European Banks in Deep Climate Abyss

The European Central Bank (ECB) issued a study this month which has determined that banks in the Eurozone are not adequately prepared for climate risks. A climate risk stress test indicated that 60% of the 104 European banks examined failed to produce necessary frameworks that take climate risks into account. A spokesperson for the environmental organization Greenpeace called the results “shocking.”

These European banks have climate risks worth €70 billion on their books, which is a conservative estimate of the actual climate related risk. According to the results, most banks do not include climate risk in their credit risk models — indeed, only 20% of the banks examined take climate risk as a variable in lending at all.

Frank Elderson, Vice-Chairman of the ECB’s Supervisory Board, stated that “this exercise is a crucial milestone on our way to make our financial system more resilient to climate risks.”

One module of the test focused on imminent losses as a result of extreme weather events. In the ECB’s opinion, adjusted framework conditions and a more orderly transition would significantly reduce the banks’ financial risks.
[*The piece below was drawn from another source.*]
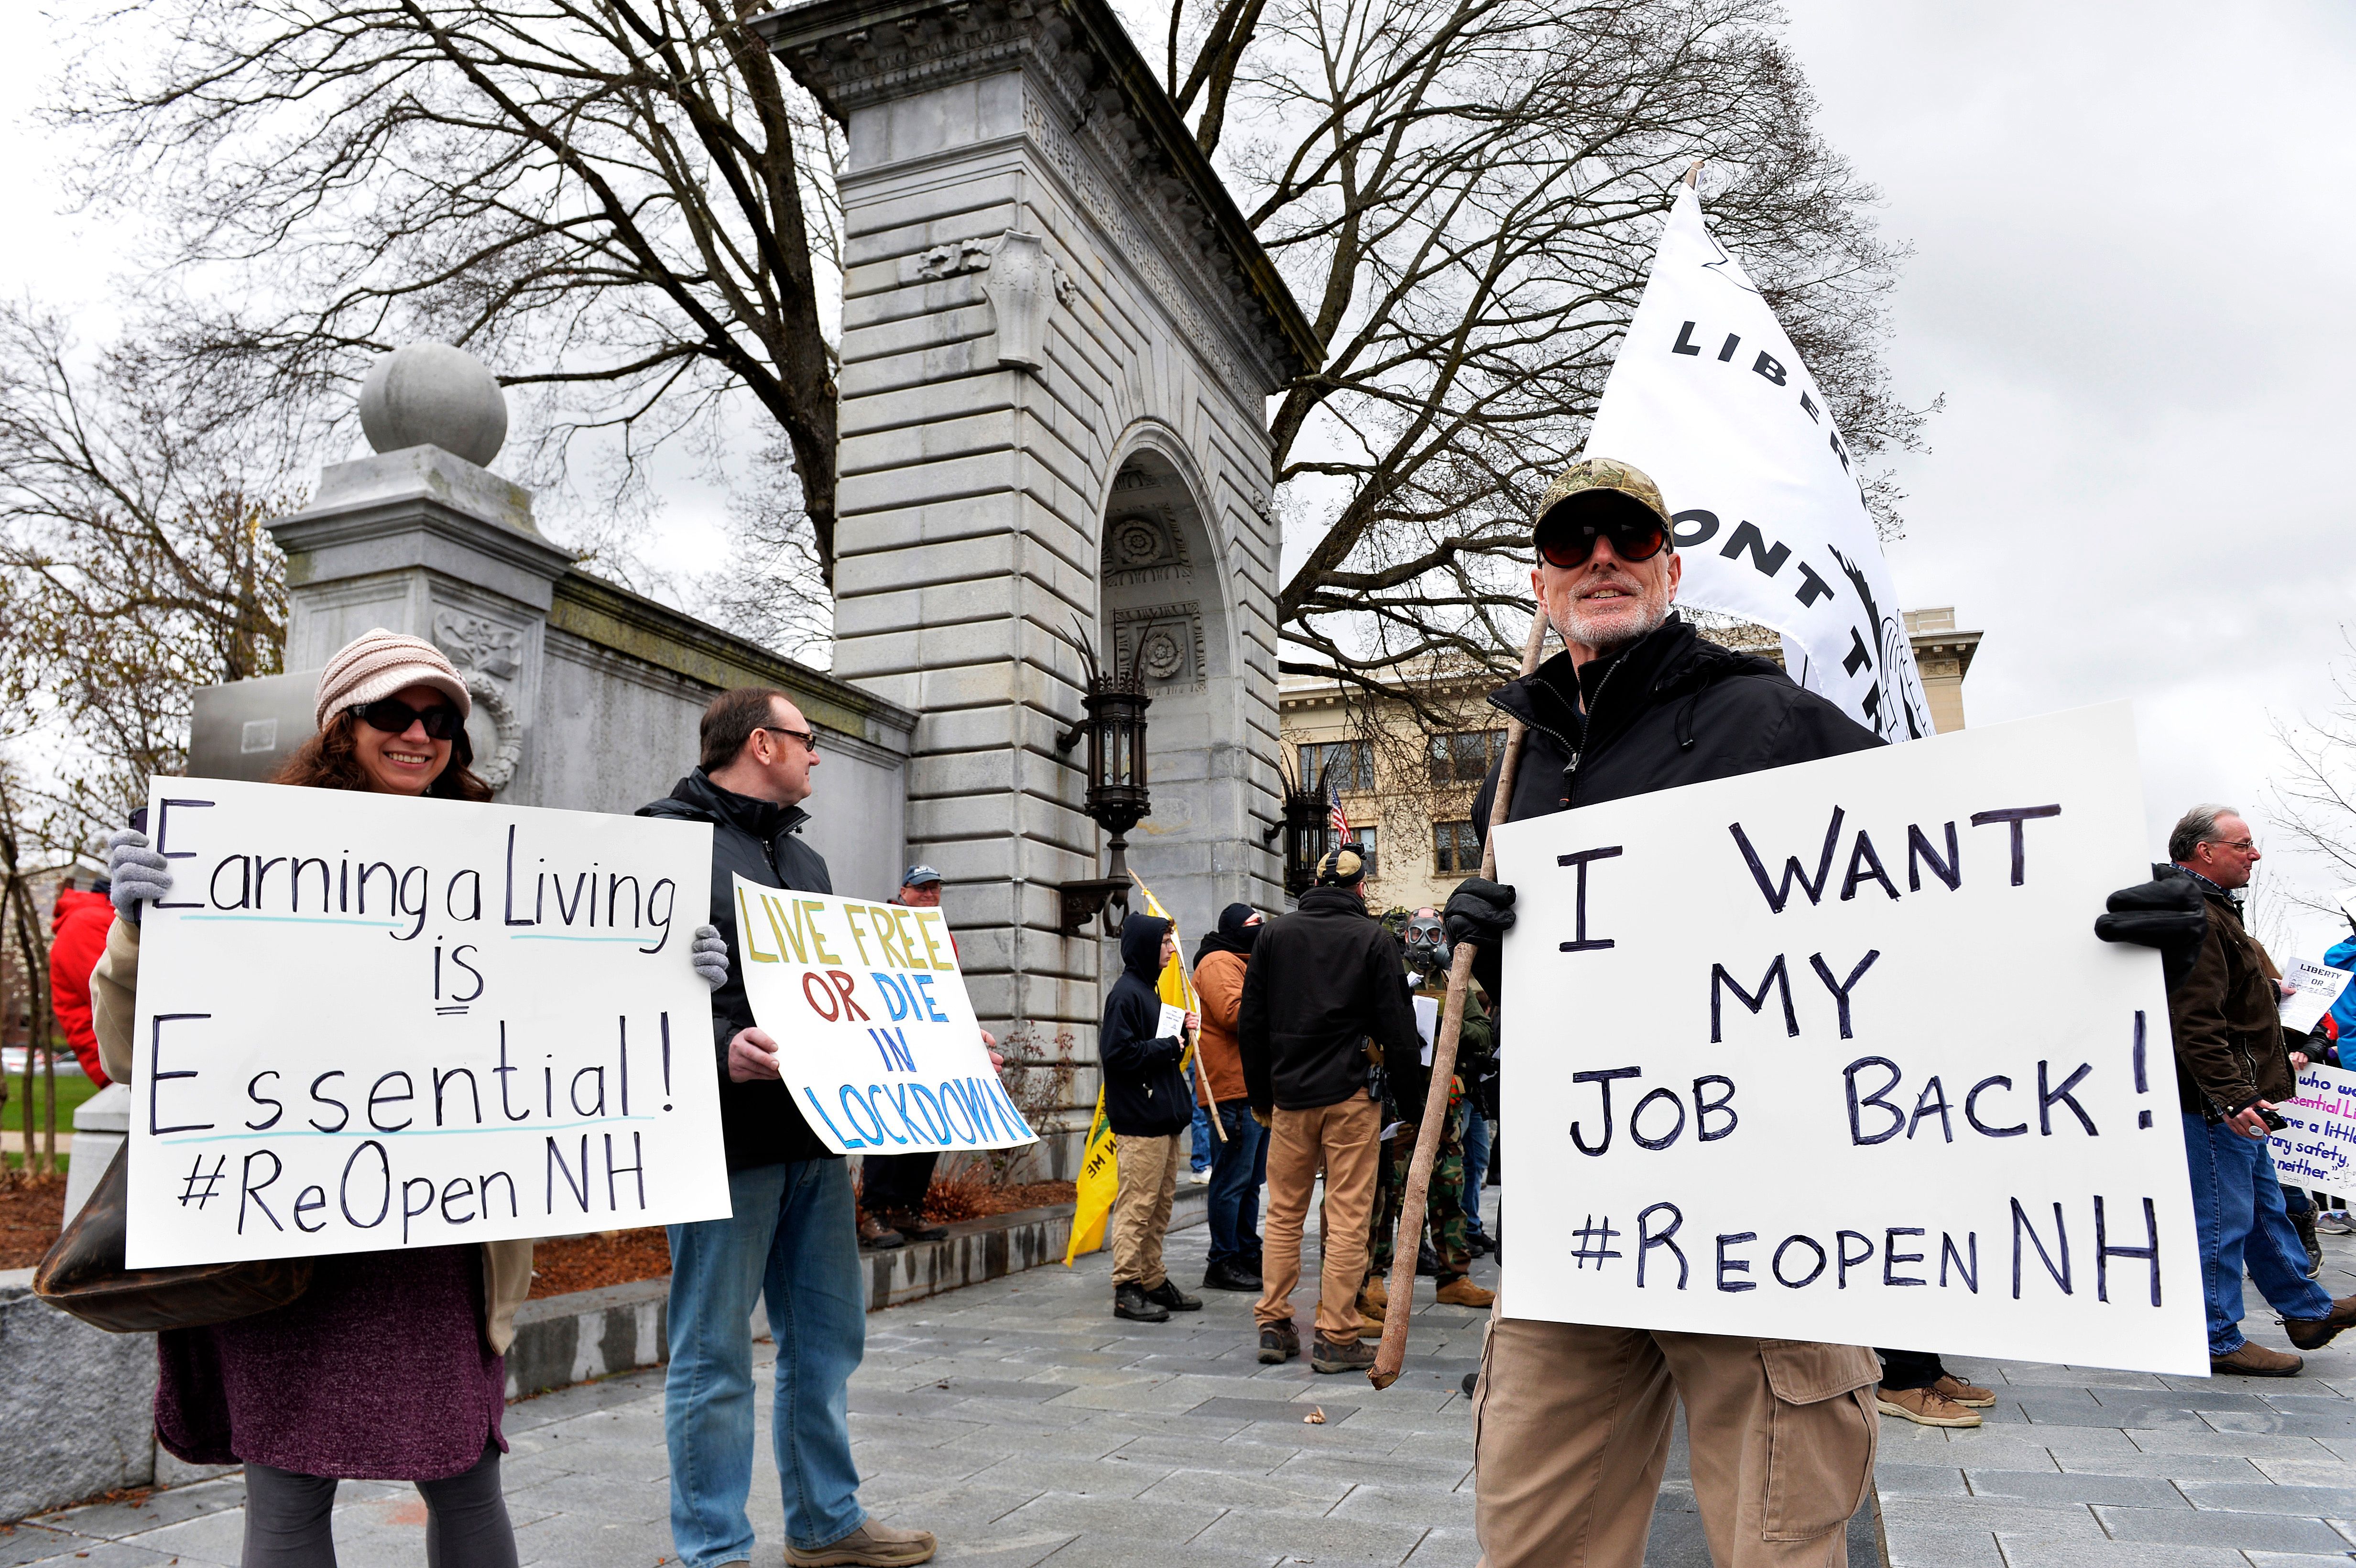 In this image, a woman holds a sign that reads "earning a living is essential" and a man holds a sign that reads "i want my job back"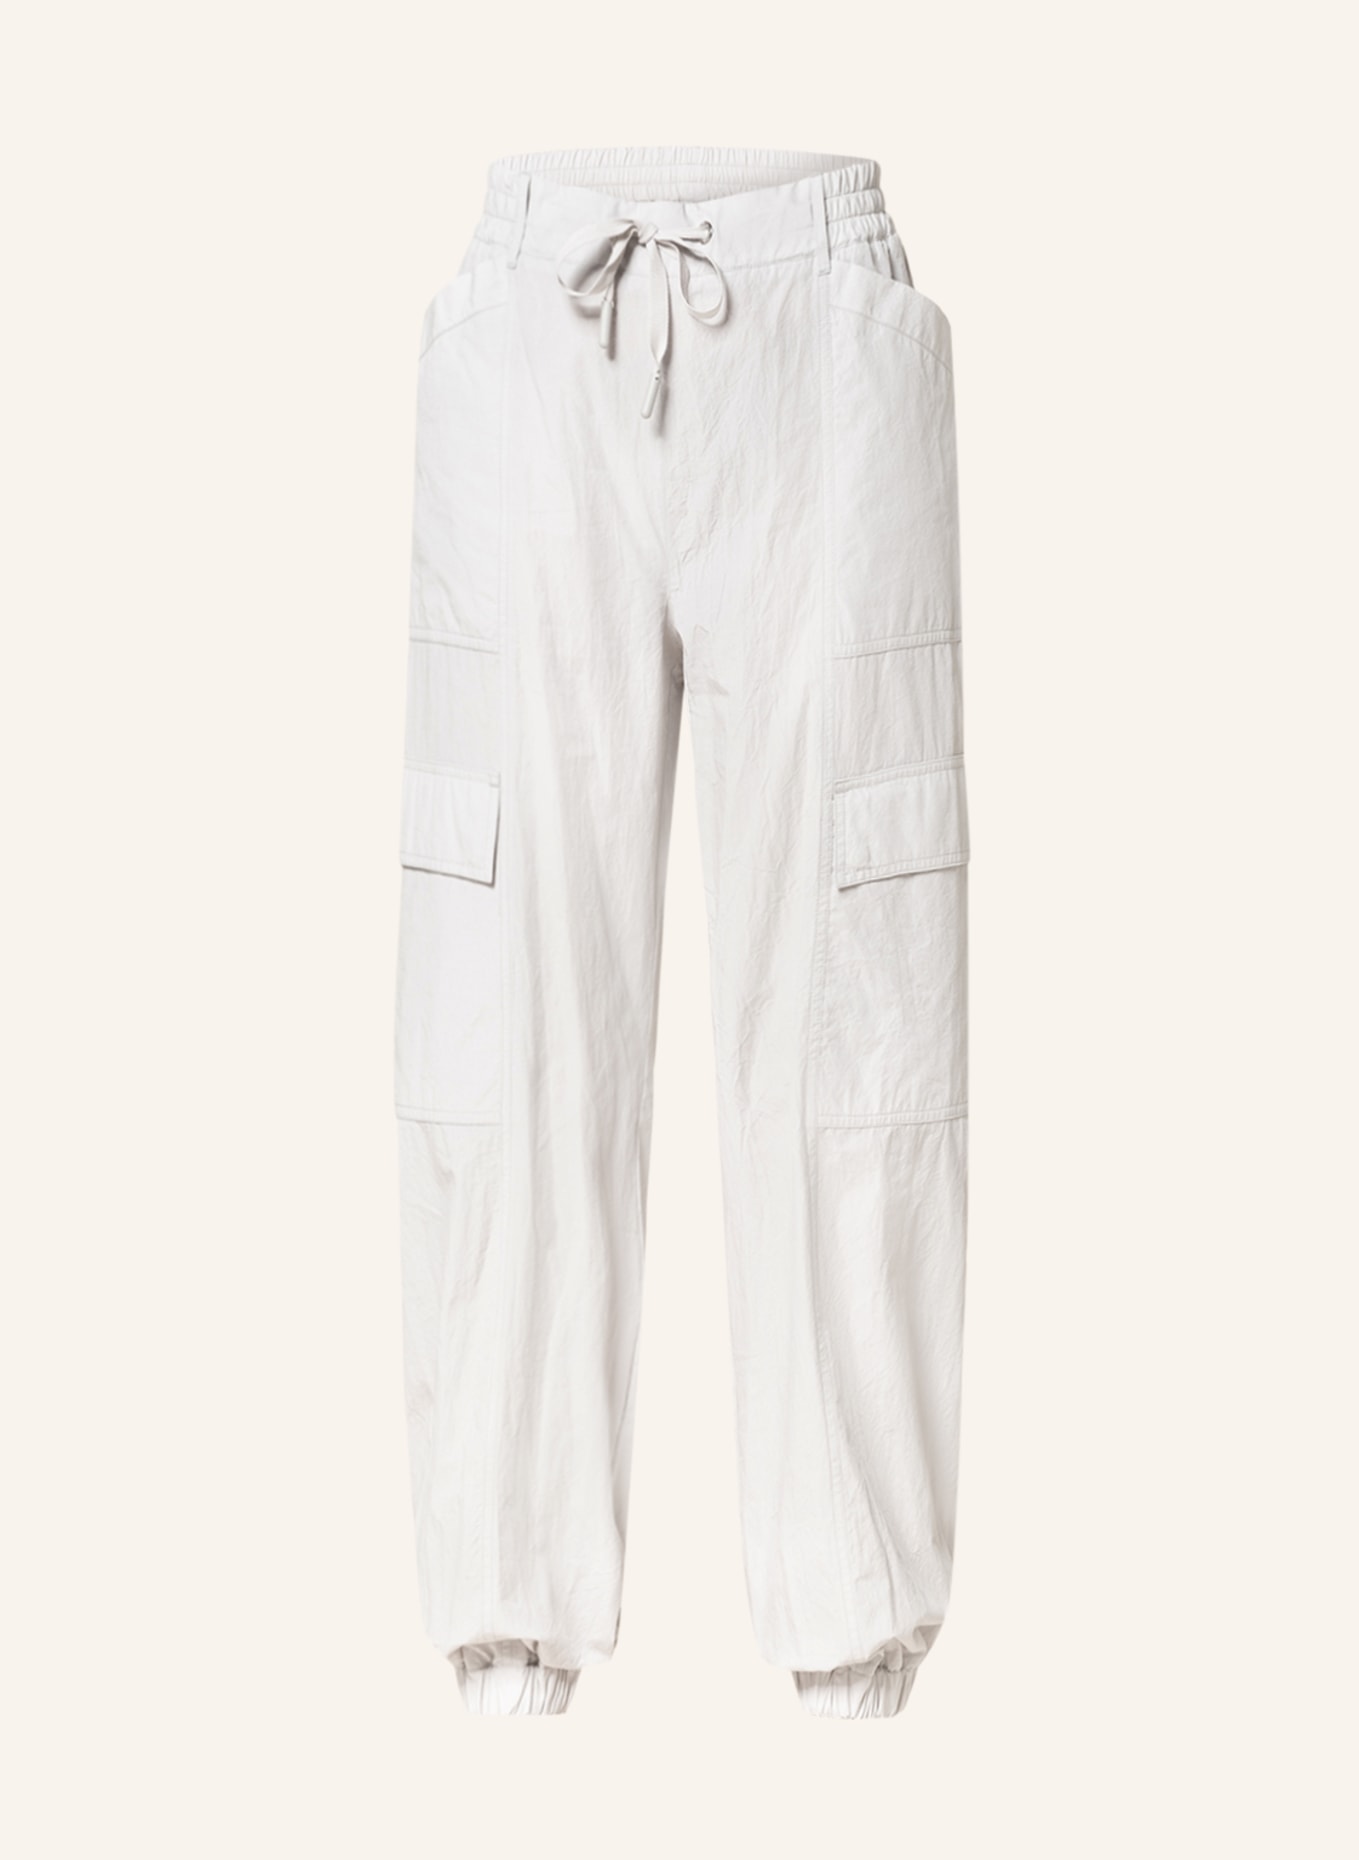 MONCLER Pants in jogger style, Color: LIGHT GRAY (Image 1)

Overall, according to the central bank, nearly two-thirds of banks’ corporate income comes from industrial operations, which are greenhouse gas intensive.

The results were so startling that the ECB itself announced that it wanted to decarbonize its bond holdings and make its monetary policy more climate-friendly.

ECB Governing Council member Andrea Enria told German periodical Manager Magazin that banks in the Euro area need to “urgently” step up their efforts to measure and manage climate risks. Banks are now expected to act decisively and develop robust frameworks for climate stress tests in the short to medium term.

Will a Green Finance Strategy Help to Minimize Climate Risks?

Earlier this year, 23 employees from different banks in the US, Europe, India, and Africa participated in the first session of a 6-month crash course on climate for bankers, organized by the UK nonprofit Finance Innovation Lab (FIL). The program, which wrapped up in March, aimed to nurture a corps of climate advocates within the middle ranks of mainstream banks. The participating fellows included officials from leading fossil fuel financiers like Citi, Barclays, and HSBC, who together learned about climate risk to the financial sector and workshopped ways to accelerate and improve how the banks manage it.

“There are a lot of people pushing on banks from the outside to divest from fossil fuels and invest in the energy transition, including regulators, activists, and investors,” Lydia Hascott, an expert on organizational strategy at FIL who led the program, told Quartz. “But there aren’t so many people looking at employees on the inside. Ultimately it’s they who have to set a net-zero target and follow through on it.”

FIL endorsed the 2022 Green Finance Strategy, which is a critical opportunity to address a major missing piece of the UK’s Net Zero architecture to make London a Net Zero Financial Center. The goals is to align public and private financial flows with the government’s decarbonization, adaptation, and nature goals. The joint statement letter sets out a collective call for the 5 principles to underpin the Green Finance Strategy and ensure it is a success.

  1. Set out an ambitious, whole-of-government strategy for aligning financial flows with a 1.5 C transition pathway and adaptation and biodiversity goals to be regularly assessed with independent mapping of progress and investment gaps across public and private finance.
  2. Support action on Phase 3 of the government’s Green Finance Roadmap that actively shifts financial flows in line with a 1.5 C transition pathway.
  3. Establish a key role for public investment and policy in driving a rapid, fair transition and reducing energy demand.
  4. Establish a science-based, credible, and robust legal and regulatory framework to incentivize and enforce the private sector transition to net zero.
  5. Set clear objectives for UK international leadership and cooperation, informed by global justice principles.